The detection equipment provided by the application can detect whether byproduct salt can be used as recycled raw material or not by using a small amount of byproduct brine, so that irreversible damage caused by impurities such as organic matters in the brine polluting industrial equipment is avoided, the detection time is shortened, the use amount of brine detection is greatly reduced compared with that of the brine directly entering large-scale industrial equipment, and the detection efficiency of the byproduct salt is improved.

Drawings

FIG. 1 is a schematic diagram showing the structural components of a detecting device according to the present application;

FIG. 2 is a schematic diagram showing the structural components of the detecting device according to the present application;

FIG. 3 is a schematic diagram showing the structural components of the detecting device according to the present application.

Detailed Description

The technical scheme of the application is further elaborated below by referring to the drawings in the specification and the specific embodiments.

Various combinations of the features described in the embodiments may be performed without contradiction, for example, different embodiments may be formed by combining different features, and various possible combinations of the features in the present application are not described further to avoid unnecessary repetition.

In describing embodiments of the present application, unless otherwise indicated and limited thereto, the term "connected" should be construed broadly, for example, it may be an electrical connection, or may be a communication between two elements, or may be a direct connection, or may be an indirect connection via an intermediate medium, and it will be understood by those skilled in the art that the specific meaning of the term may be interpreted according to circumstances.

It should be noted that, the term "first\second\third" related to the embodiment of the present application is merely to distinguish similar objects, and does not represent a specific order for the objects, it is to be understood that "first\second\third" may interchange a specific order or sequence where allowed.
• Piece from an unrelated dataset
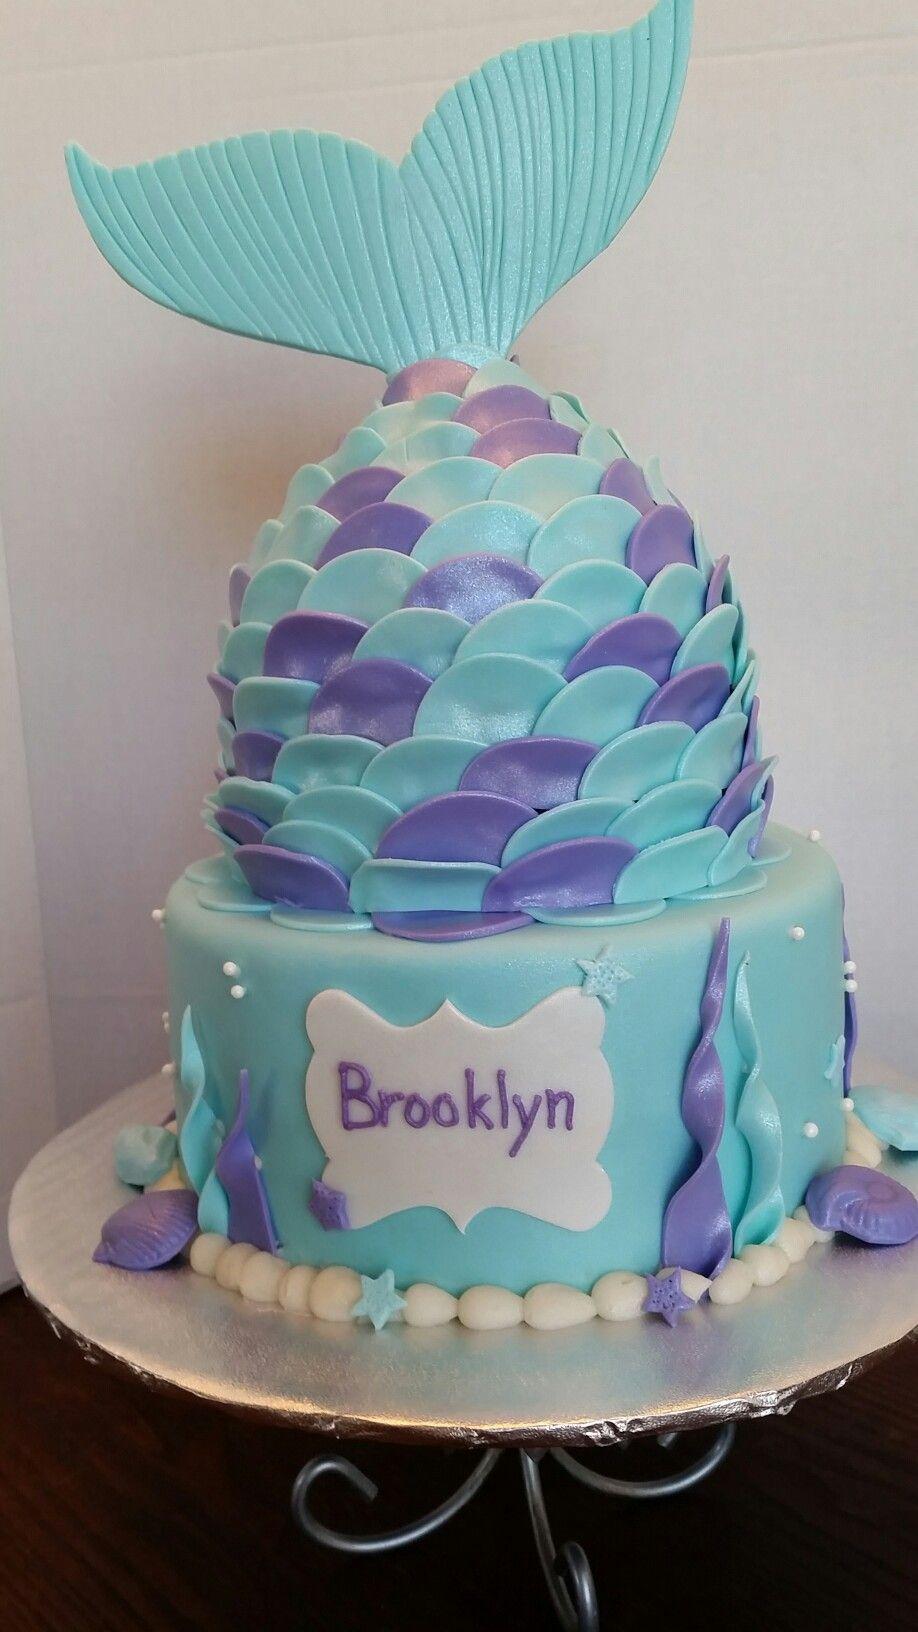 Mermaid Tail Cake 6th Birthday Cakes Tea Party Birthday
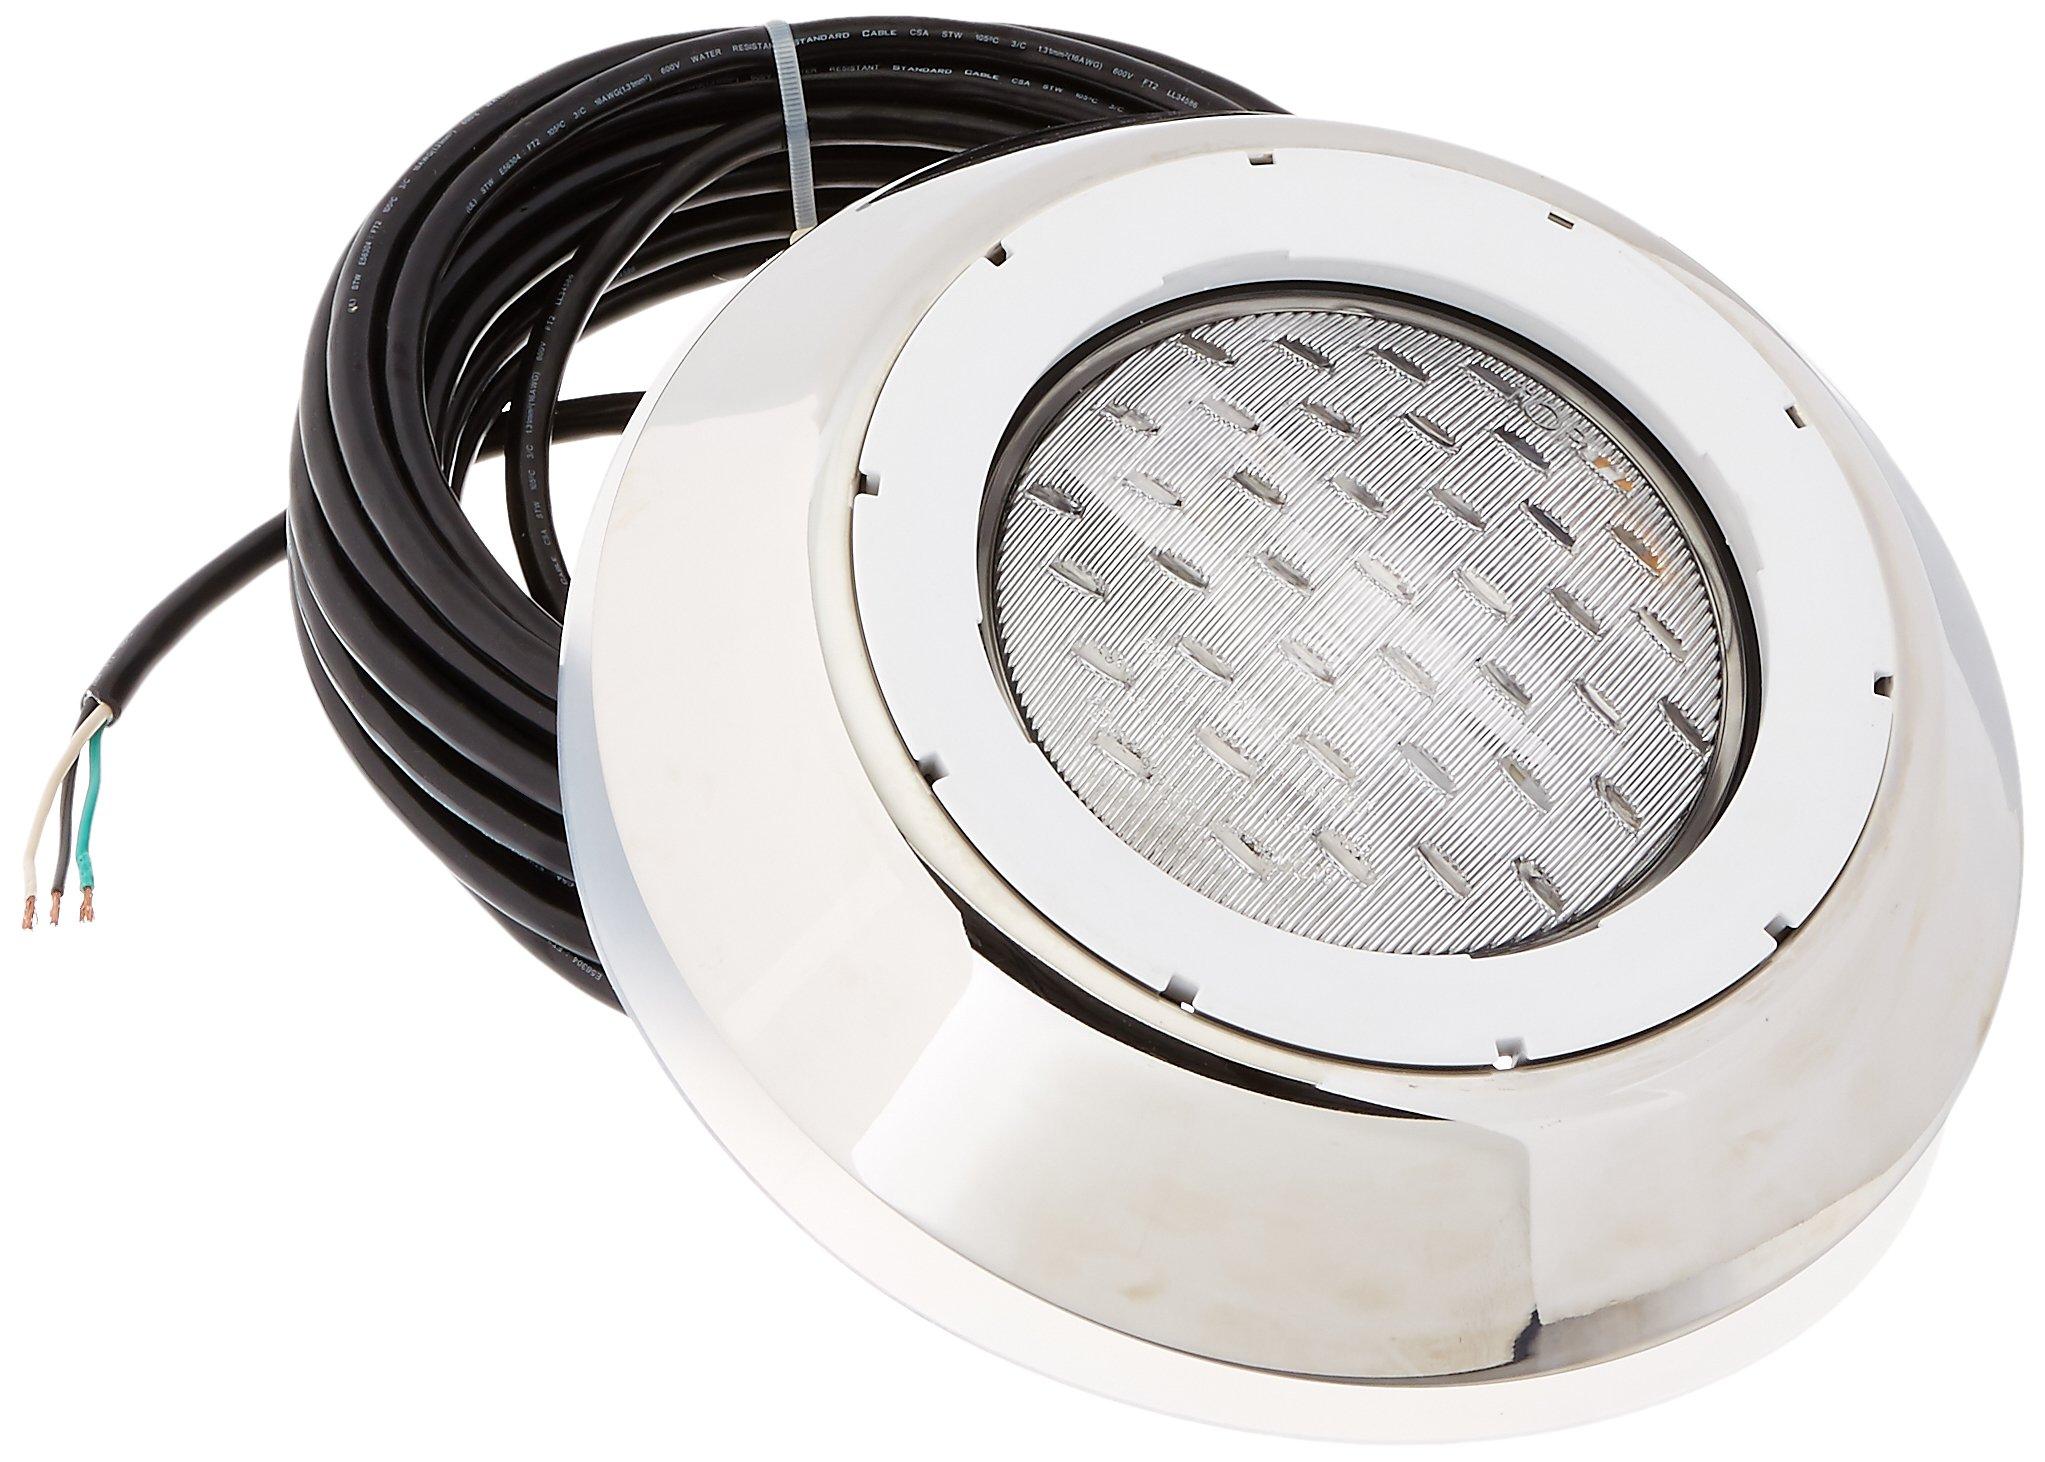 100-Watt Pentair 78873500 AquaLumin III Nicheless Vinyl Liner Pool and Spa Light 12-Volt 50-Feet Cord Length

It is to be understood that the "first\second\third" distinguishing objects may be interchanged where appropriate such that embodiments of the application described herein may be practiced in sequences other than those illustrated or described herein.

The detection apparatus according to the embodiment of the present application will be described in detail with reference to fig. 1 to 3.

As shown in fig. 1, the detection apparatus provided by the present application includes: a body 10, the body 10 having a first accommodation chamber 101 and a second accommodation chamber 102; as shown in fig. 2, the apparatus further includes: the electrolysis device 20, the first reservoir 30, the second reservoir 40, the first circulation device 50, the second circulation device 60, the detection device 70 and the processor 80. Wherein, the electrolytic device 20 is disposed in the first accommodating cavity 101, the electrolytic device 20 comprises an electrode film 201 for dividing the first accommodating cavity 101 into an anode chamber 1001 and a cathode chamber 1002; the first liquid storage chamber 30 is disposed in the body 10 and located at one side of the body, and is used for storing a first electrolyte, and has a first liquid inlet 301 and a first liquid outlet 302; for example, the first electrolyte is by-product brine.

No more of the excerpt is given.